Termination and extension options are taken into account when estimating the expected term of the leases if it is sufficiently certain that they will or will not be exercised. The Lenzing Group estimates that possible future cash outflows from extension options which were not taken into account in the measurement of the lease liability could result in an increase in the lease liability and the related future cash outflows by EUR 1,286 thousand (December 31, 2020: EUR 1,129 thousand).

The following expenses relating to leases were recognized in the consolidated income statement in the 2021 financial year.

Amounts recognized in profit or loss
EUR '000

 

2021

2020

Expenses relating to short-term leases

8,492

4,426

Expenses relating to variable leases

5,992

11,003

Expenses relating to leases of low-value assets

229

61

Non-lease components

751

573

Rental and leasing expenses

15,465

16,063

 

 

 

Interest on lease liabilities = Financing costs

5,581

5,330

Short-term leases are leases with a term of less than one year. Where contracts have no term, leases are considered short-term leases if both parties have a right to terminate the contract, which can be exercised without the consent of the counterparty and no termination penalties or economic barriers exist. Leases for which only variable lease payments that are not coupled to an index or (interest) rate have been agreed are not capitalized as right-of-use assets.

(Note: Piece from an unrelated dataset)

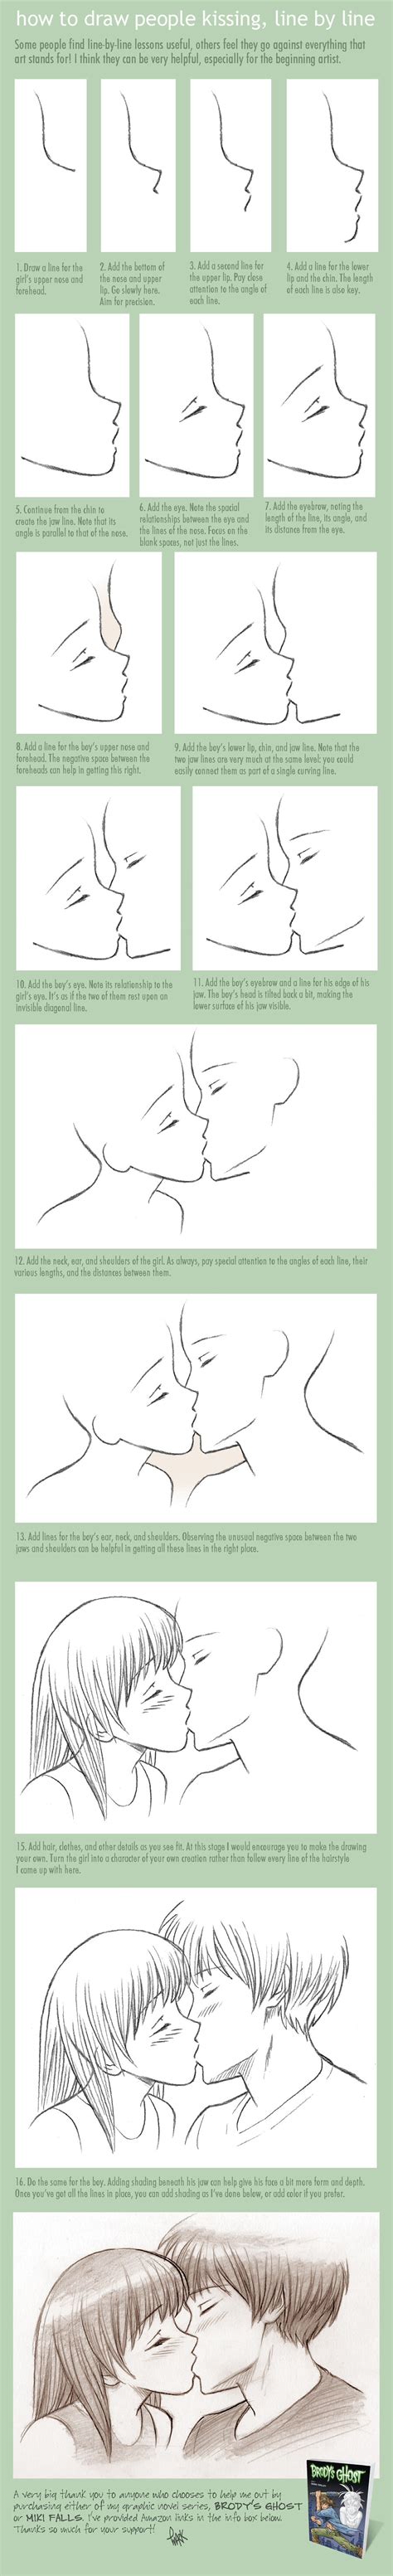 How To Draw People Kissing Anime Image Result For Anime Chibi Couple

Expenses relating to variable leases mainly include variable rental payments for warehouses based on monthly storage quantities.

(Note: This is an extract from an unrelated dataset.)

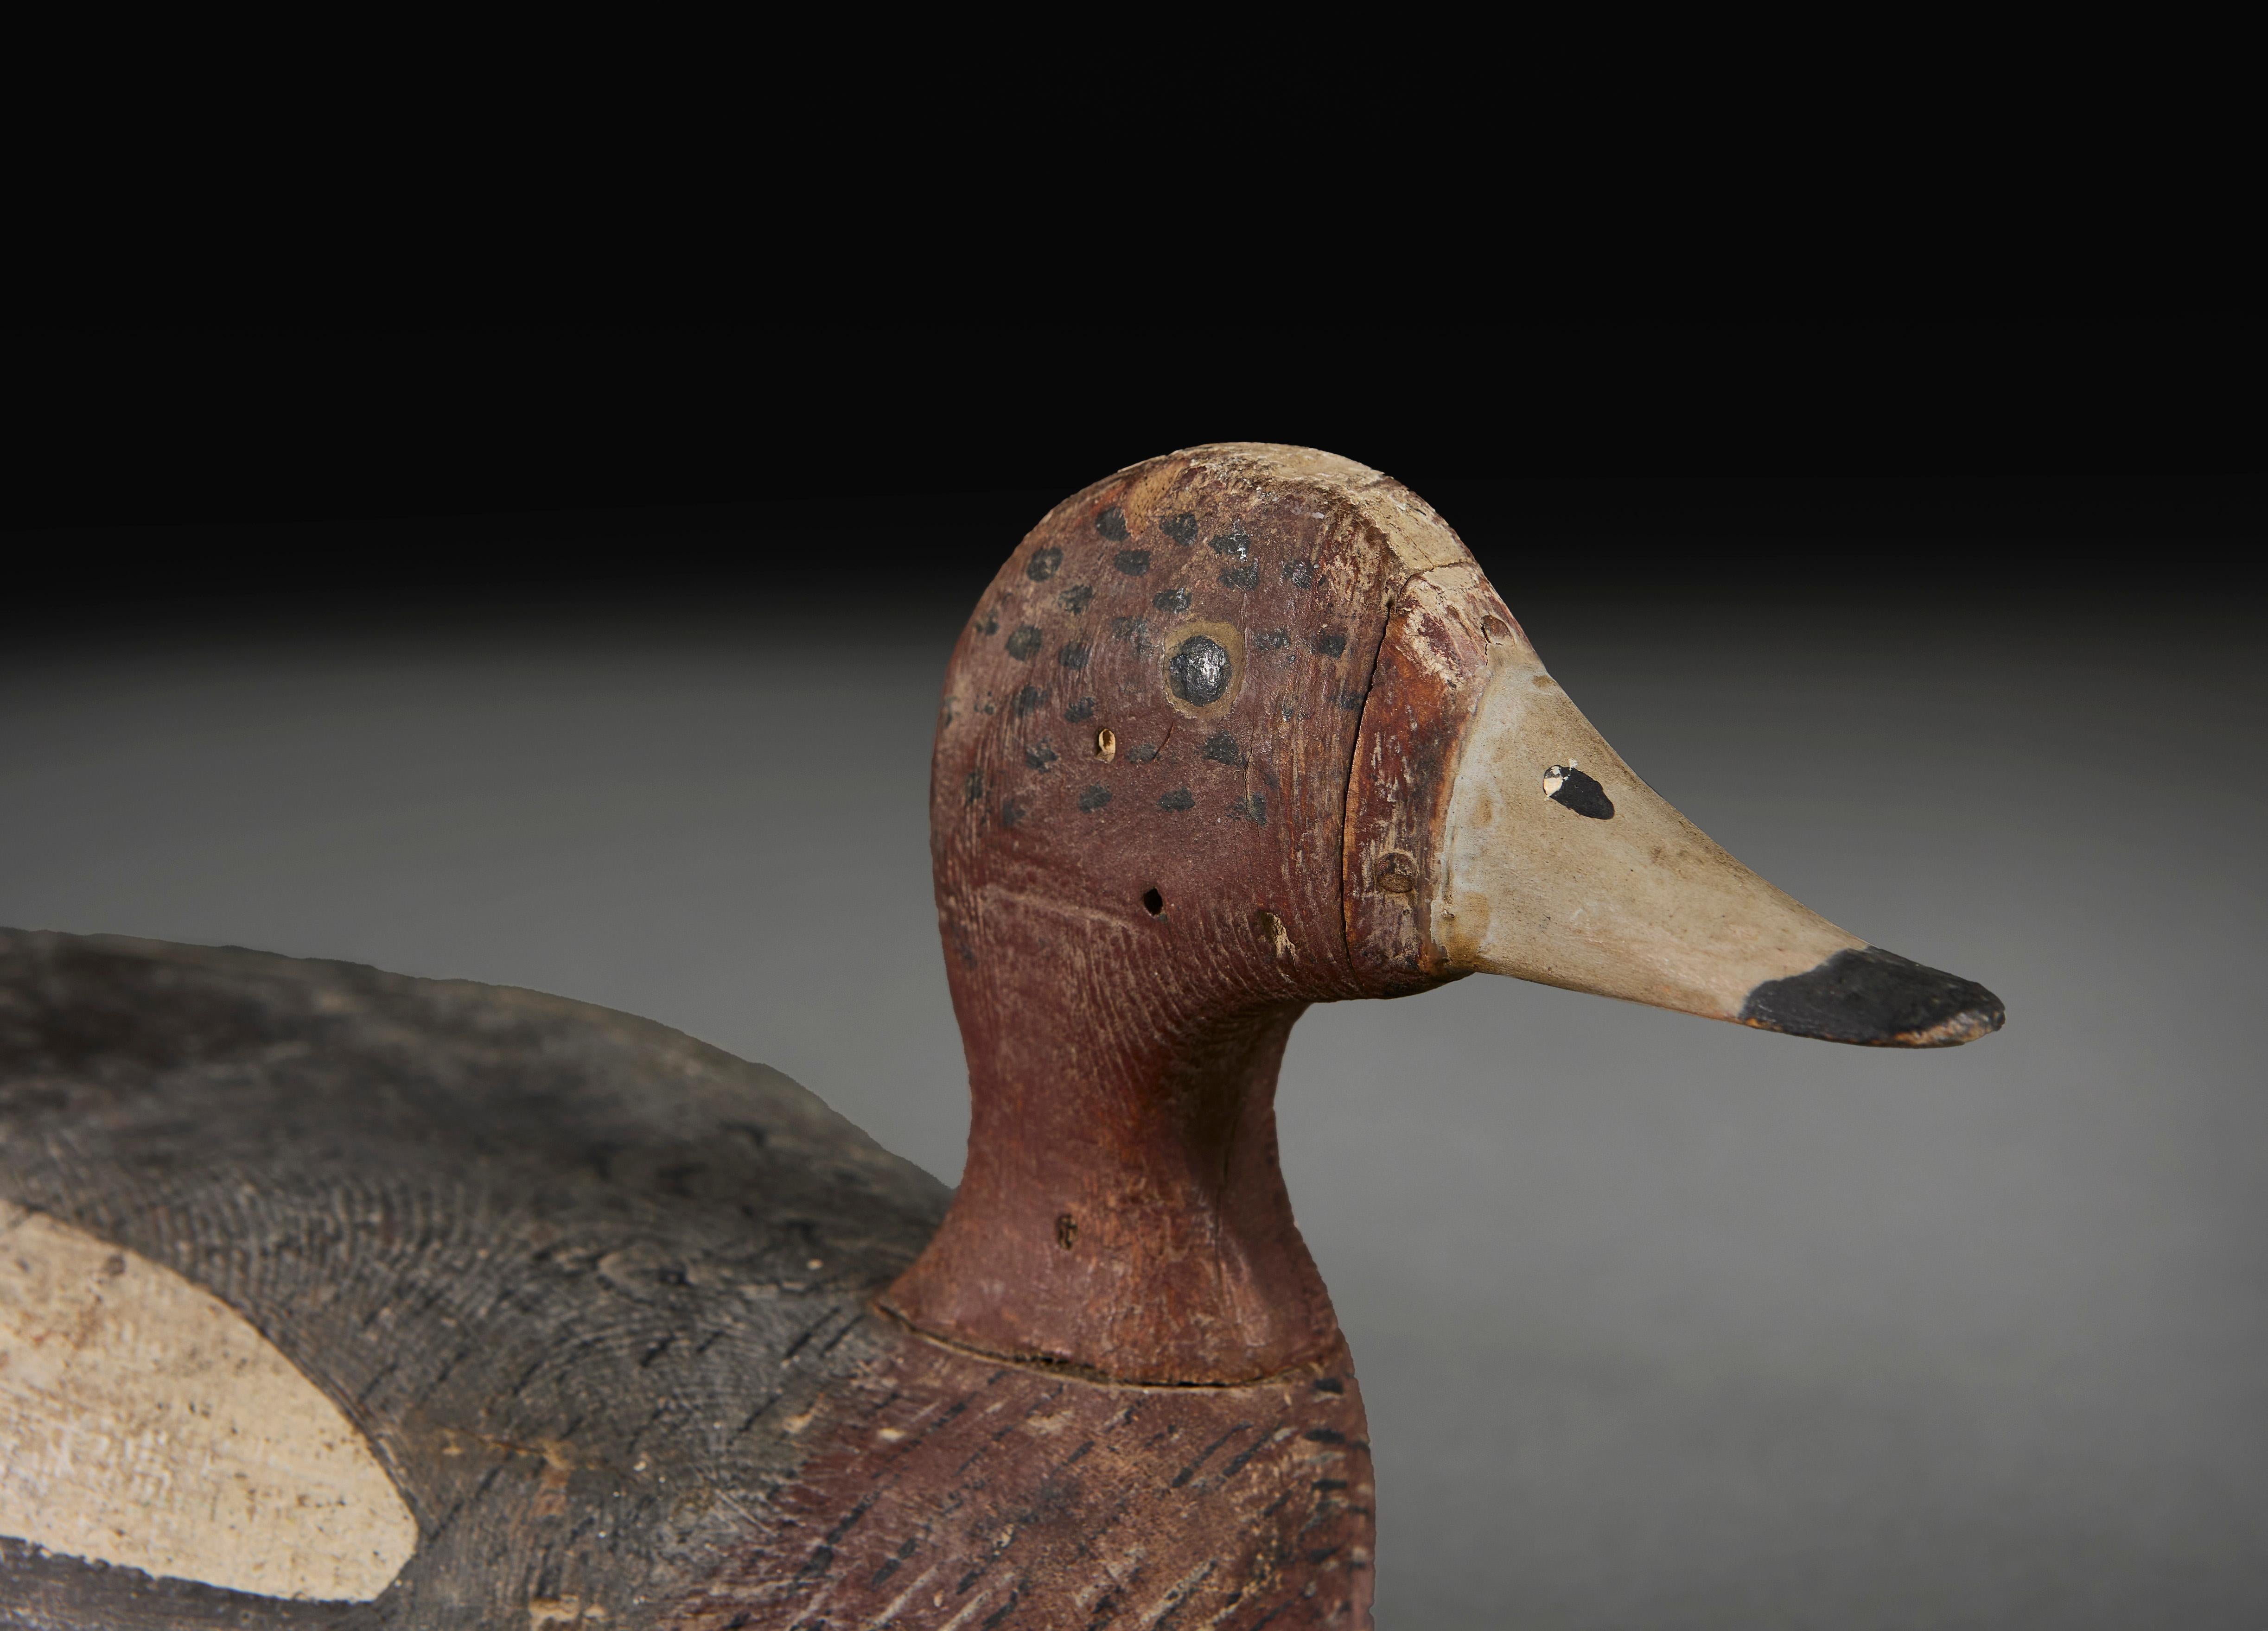 England, circa 1900

An English folk art wooden decoy duck, with original paintwork in red umber and charcoal grey.

Height  15.00cm
Width   35.00cm
Depth   15.00cm

Cash outflows for leases total EUR 28,592 thousand (2020: EUR 30,216 thousand). They include expenses relating to short-term and variable leases and to leases of low-value assets.

Expenses relating to the right-of-use assets and financing costs are fully cash-effective and included in cash flow from operating activities. The cash flows incurred in connection with the repayment of lease liabilities are explained in note 35.

All items of right-of-use assets are tested for impairment in accordance with IAS 36 if there are any indications that these assets may be impaired (see note 11).

The Lenzing Group as the lessor

The future undiscounted minimum lease payments during the non-cancellable term of the leases relate primarily to land and buildings and are as follows, classified by year:

Undiscounted annual minimum lease payments as lessor
EUR '000

 

31/12/2021

31/12/2020

In the following year

3,486

3,440

In the following 1-2 years

3,239

3,145

In the following 2-3 years

3,164

3,145

In the following 3-4 years

3,164

3,073

In the following 4-5 years

3,164

3,073

Thereafter

3,562

4,702

Total

19,780

20,579

The most important lease involves land on which a recycling plant is operated. The lease payments are indexed. The lease was concluded for an indefinite term and can be canceled at the earliest as at December 31, 2029, subject to a six-year notice period.

Rental income for the 2021 financial year is shown in note 7.

The Lenzing Group classifies these leases as operating leases since the main risks and opportunities associated with ownership are retained.